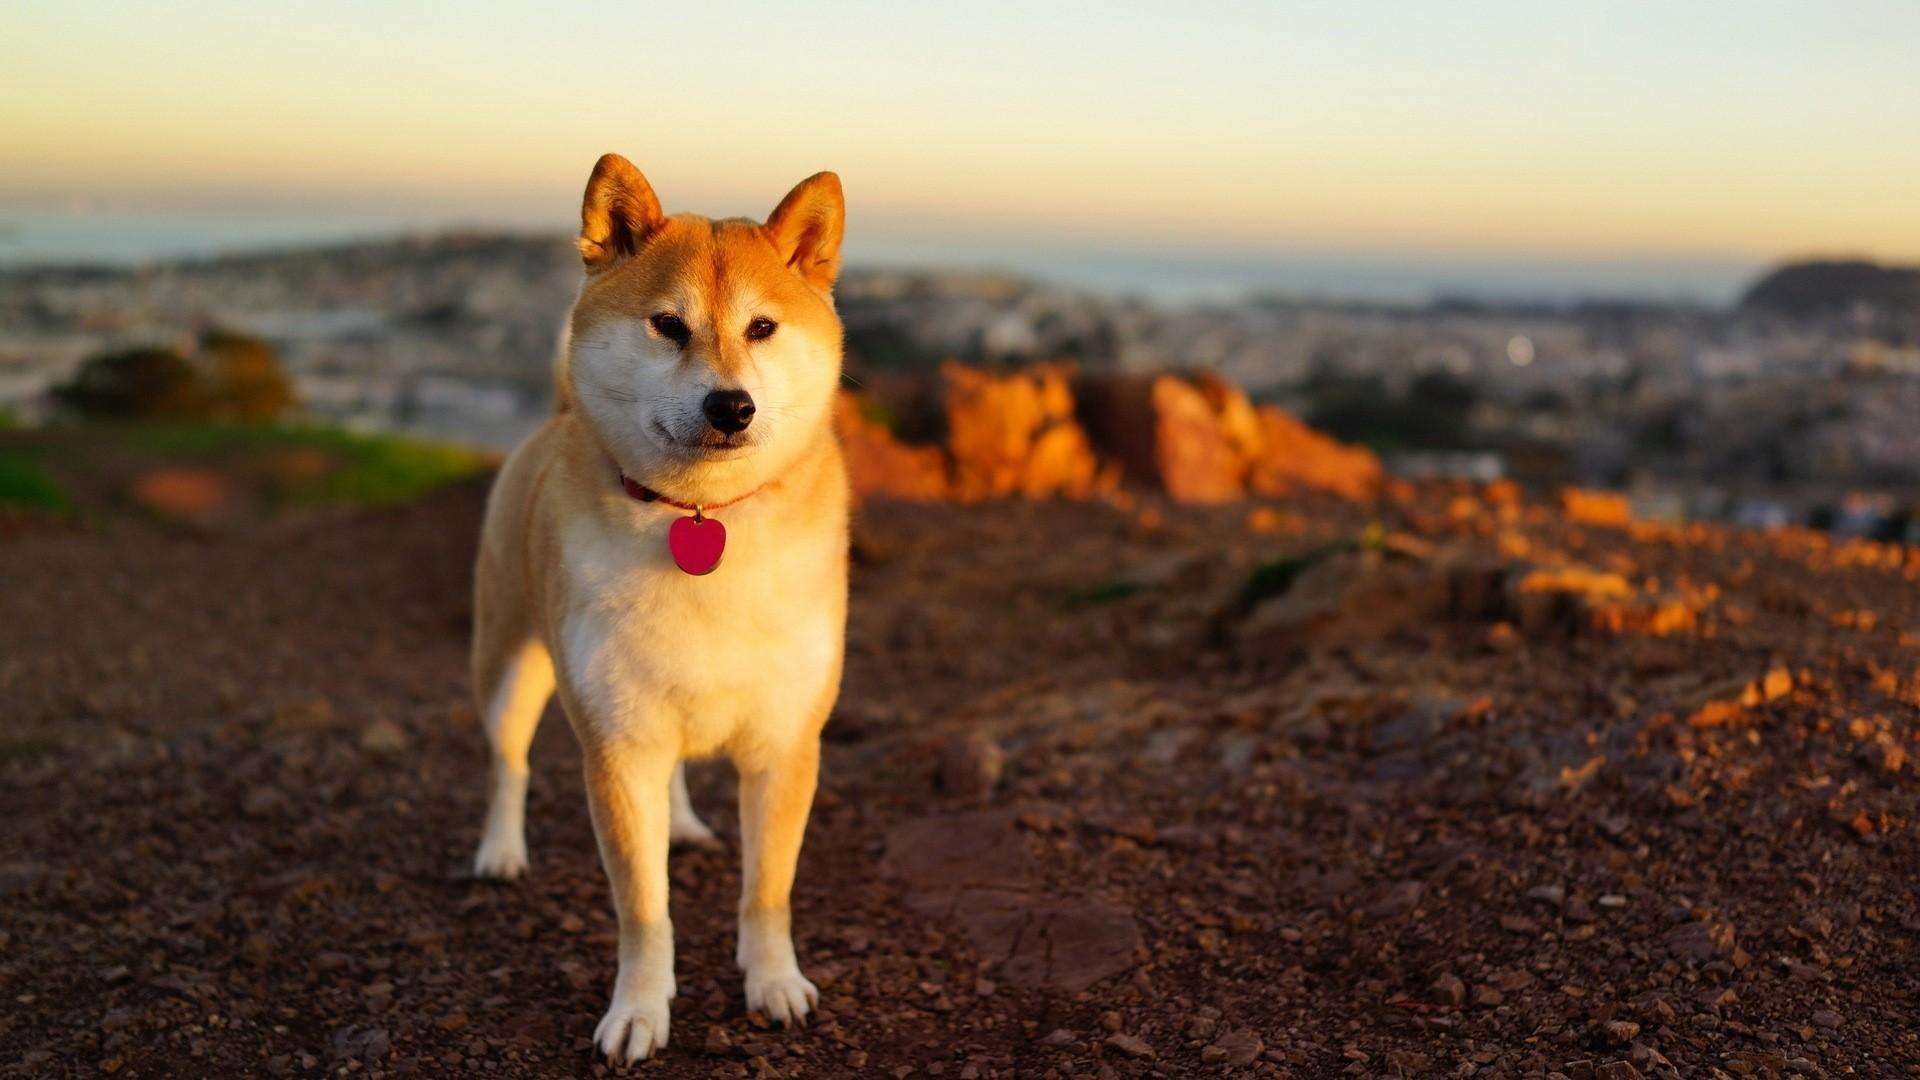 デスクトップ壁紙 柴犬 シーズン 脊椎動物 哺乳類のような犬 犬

____

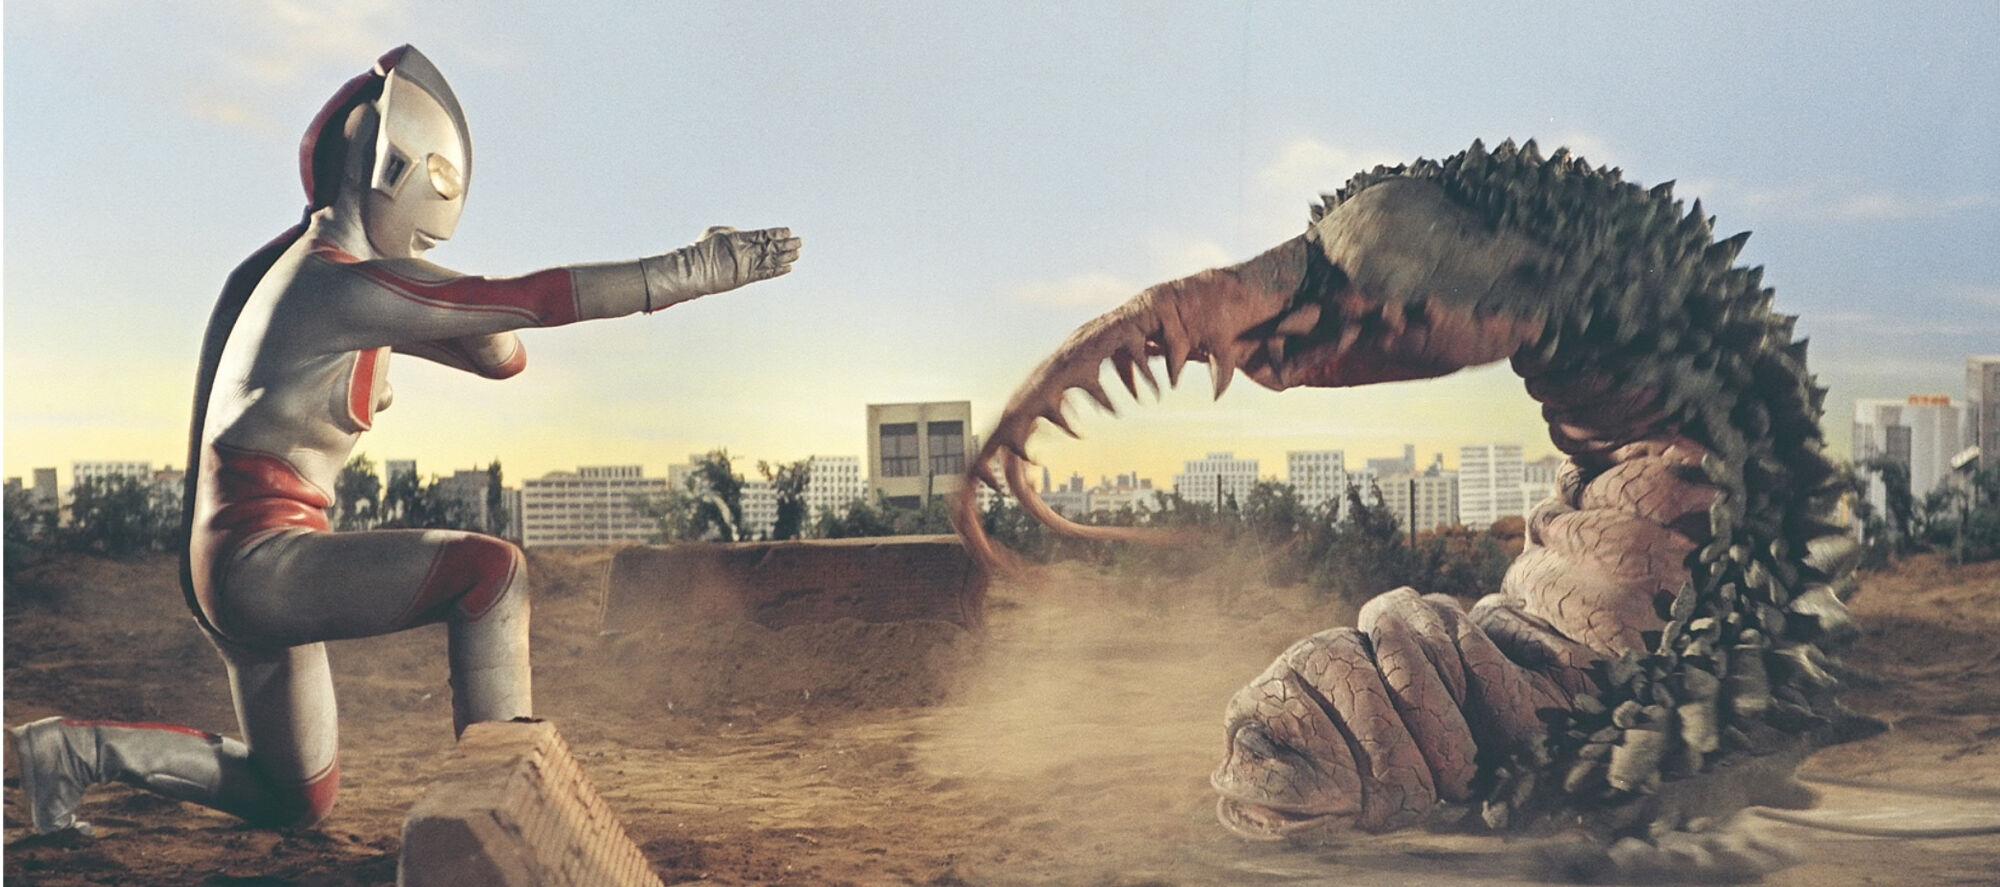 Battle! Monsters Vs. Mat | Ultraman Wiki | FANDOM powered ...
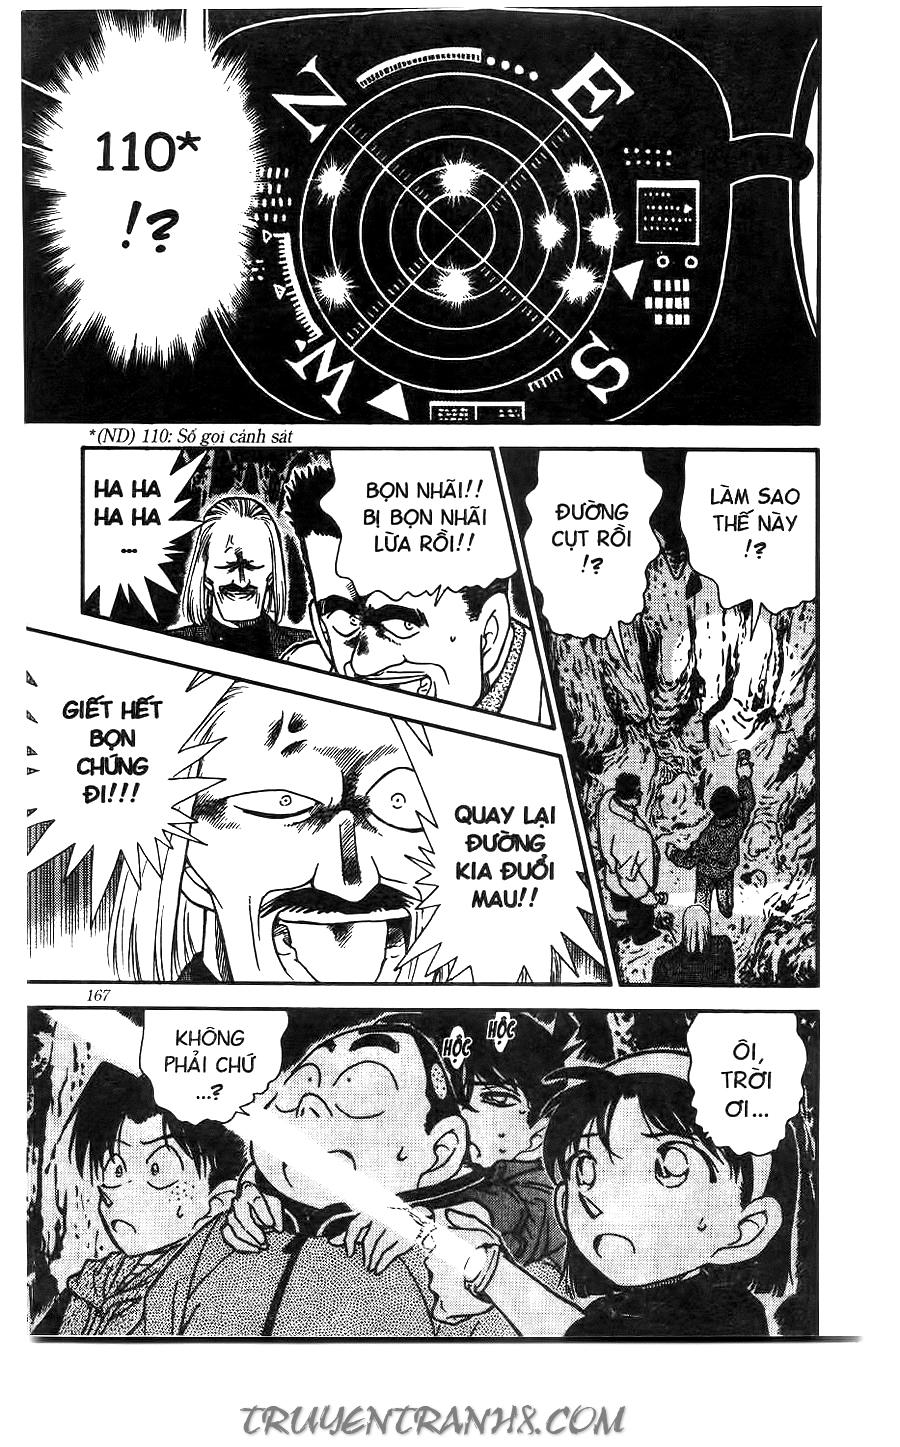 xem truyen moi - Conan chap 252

____

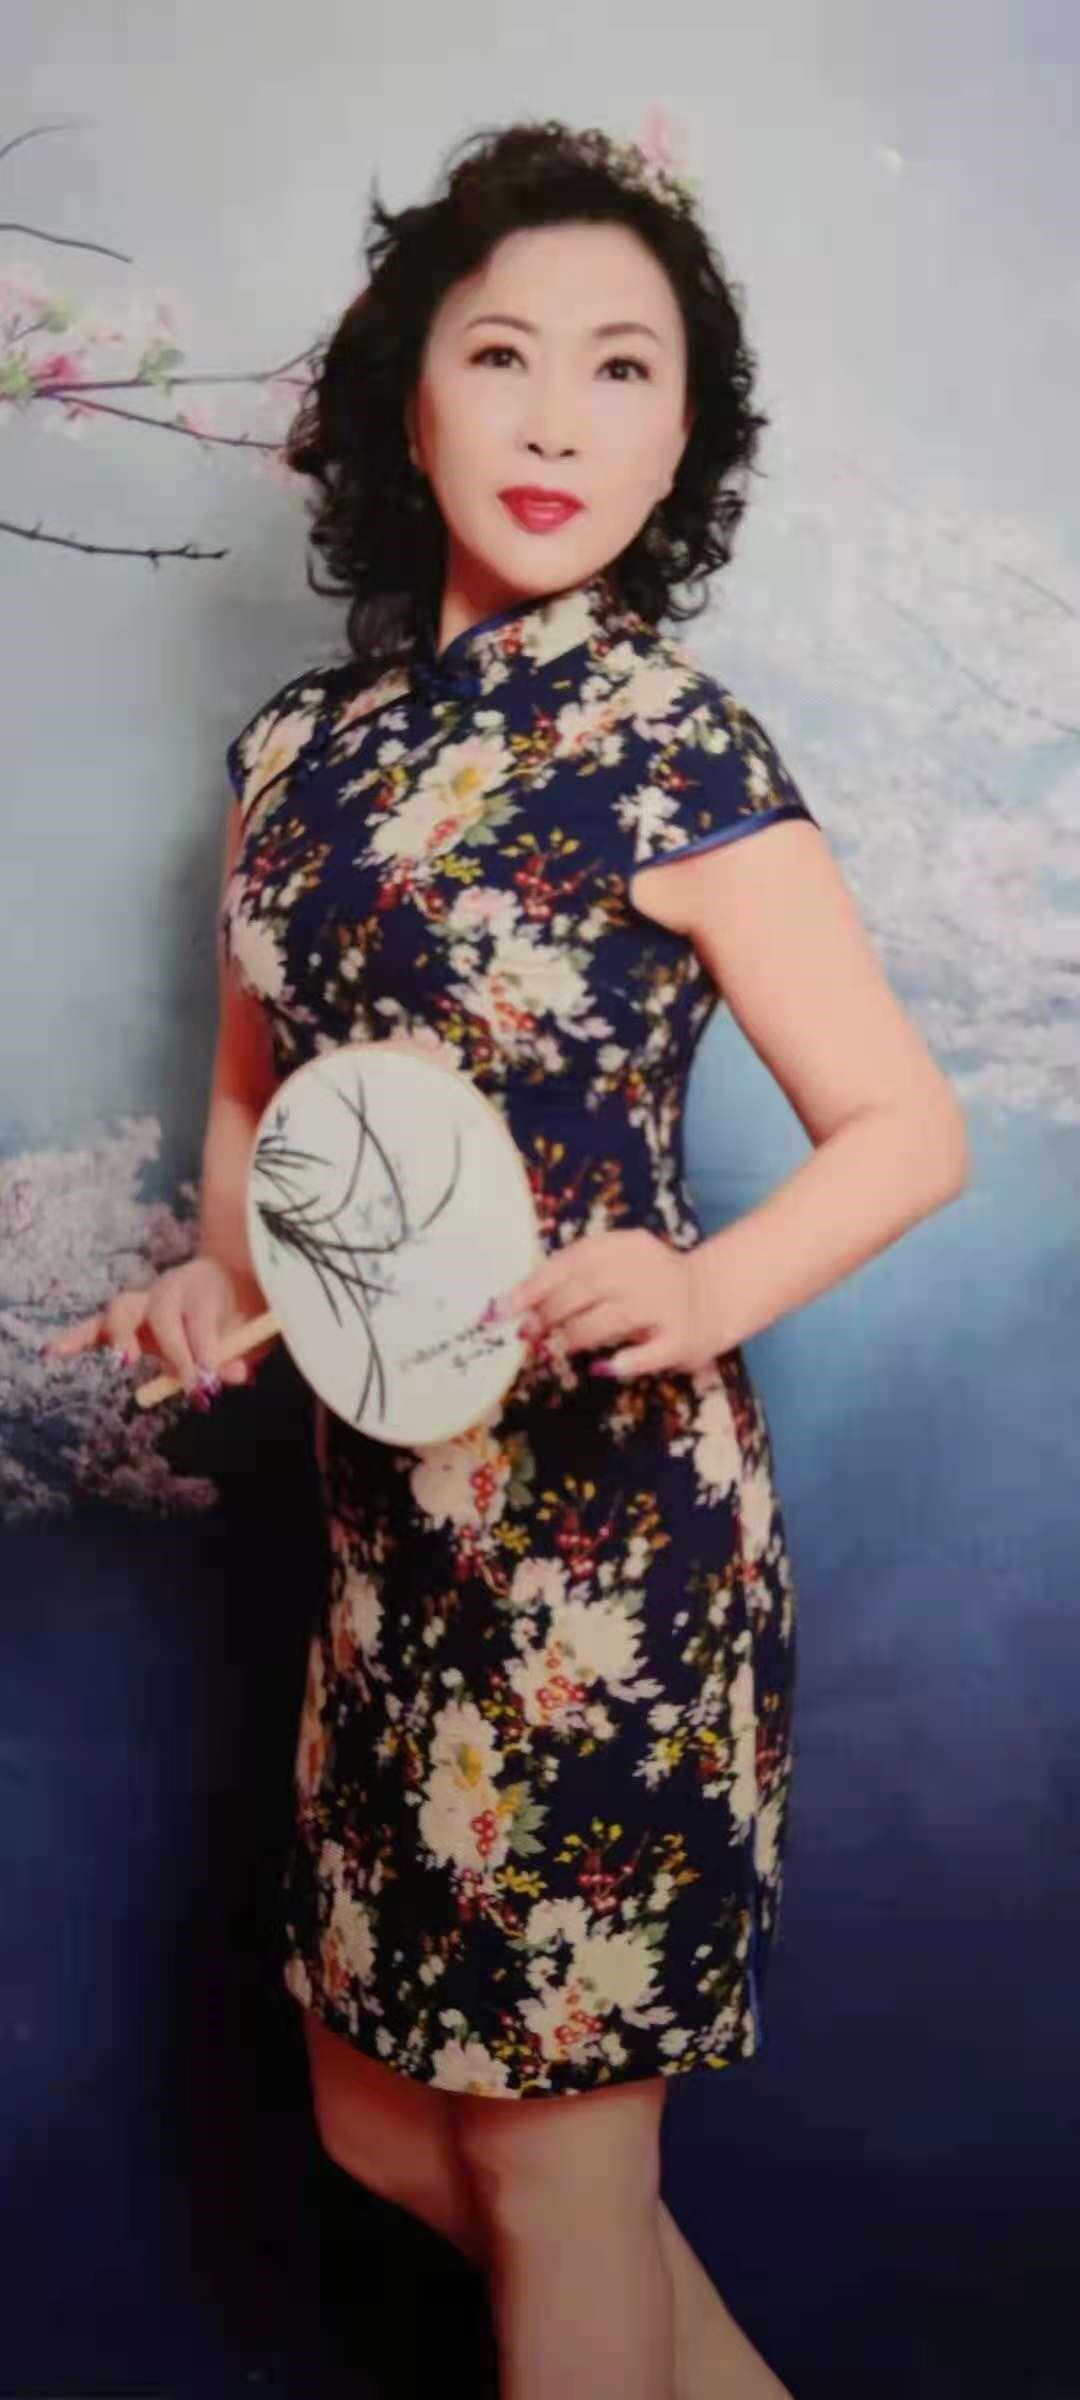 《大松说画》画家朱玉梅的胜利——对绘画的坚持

____

== WHAT THE EXERCISE ASKS ==
Would you please repeat only the lines above, beginning at the one that has "Battle! Monsters Vs." and stopping after the one that has "xem truyen moi - Conan chap 252", exactly and with no pictures?

== EXPECTED ANSWER ==
 Battle! Monsters Vs. Mat | Ultraman Wiki | FANDOM powered ...
 xem truyen moi - Conan chap 252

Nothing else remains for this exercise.